Victoria looked sharply at her—she’d known all along about Sebastian! Why had she never told her?
“The vampires haven’t found us yet, but there are undead and mortals above, in the streets and buildings nearby. Something has brought them here.” It was Zavier, speaking to Ilias as though Victoria were not present. His normally jovial face bore darkness and accusation when he finally looked at her. “We must drive them away.”
He started off toward the alcove that led to the spiral staircase Victoria had descended only thirty minutes earlier, but she called him back.
“No, Zavier, wait. We cannot go that way, for if we suddenly appear from the church they will know our secret.”
Ilias kept hidden guardsmen within the small church and in the areas surrounding it: one Venator along with two Comitators, who were martial-arts experts like Kritanu who taught the Venators their fighting skills. If there were vampires about, threatening their security—which Victoria had no reason to doubt—presumably the guards were already engaged. Still, it would be rash to come from the church and confirm to the undead where the entrance to the Consilium was.

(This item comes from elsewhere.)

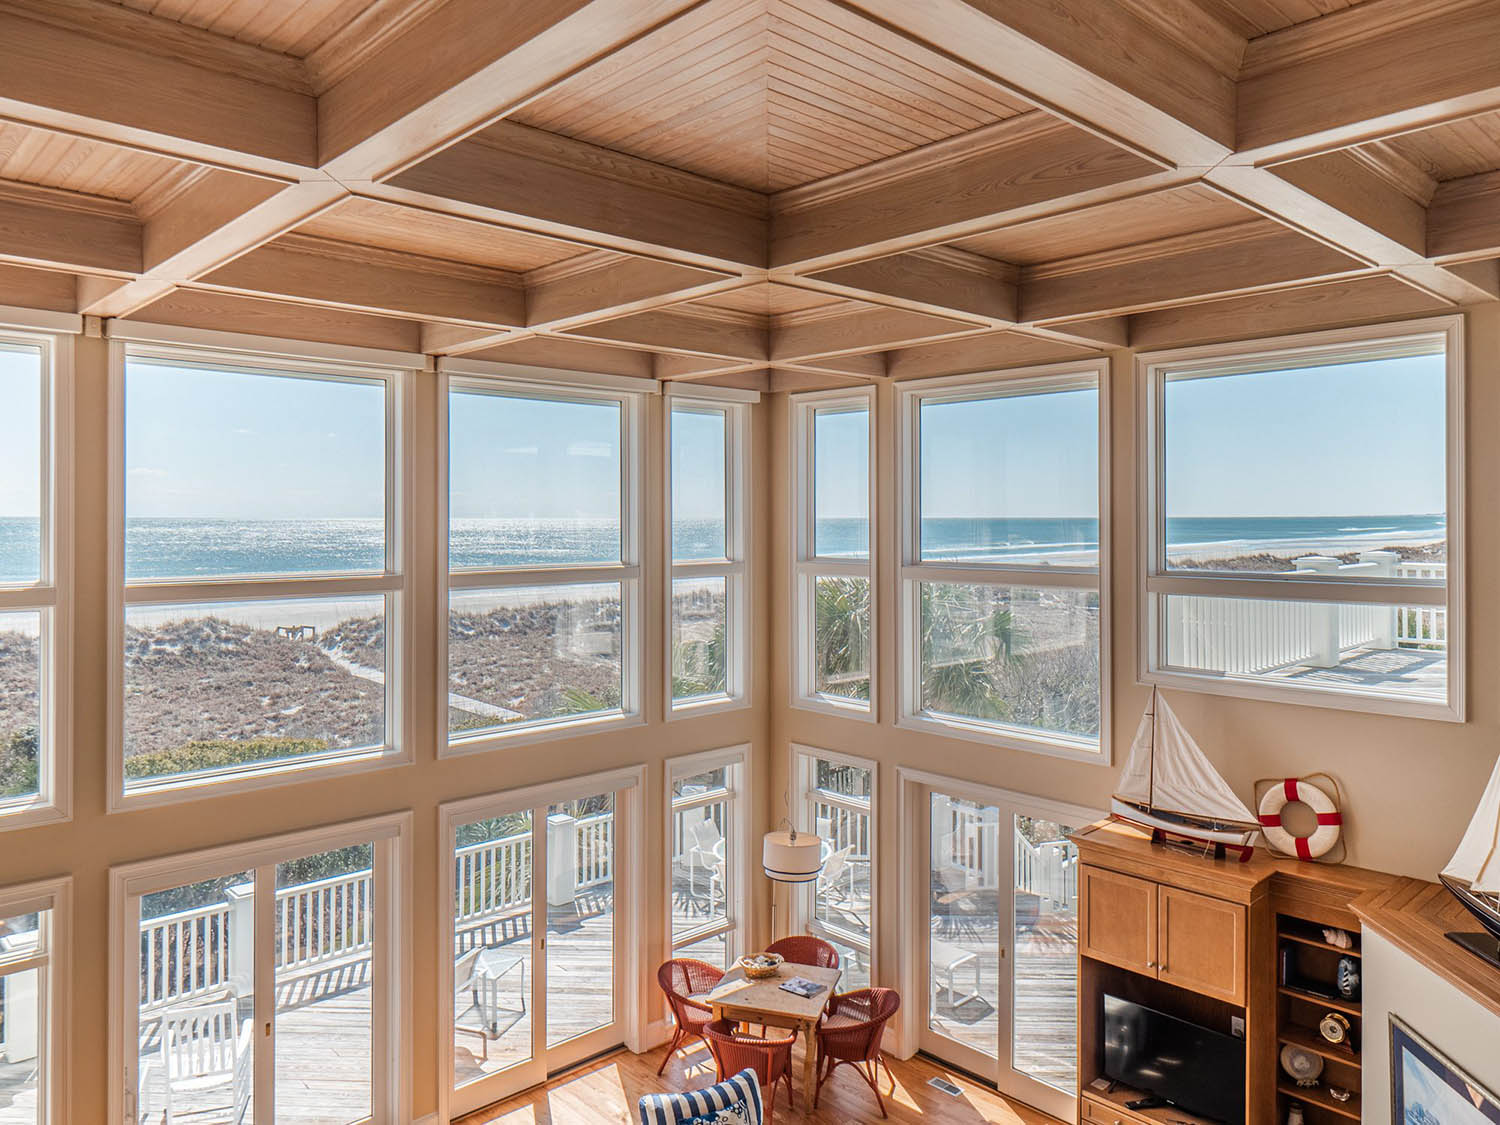 Ocean front beach house with cathedral ceilings, all tan wood with bead board coffers.

“This way,” Ilias ordered with a sharp gesture. Victoria and Zavier followed the older man, who obviously knew more about the secrets of the Consilium than anyone else, back down the steps and through one of the pointed archways that led to a chamber Victoria had seen only once before. It was bare and dusty. Trunks and several wooden crates were stacked against one of the walls, but Ilias hurried past them toward the back corner. He reached up to one of the iron sconces that were studded throughout the entire Consilium and lifted the torch from its place. Fumbling around with his fingers inside the empty sconce, he grunted in satisfaction, then withdrew his hand.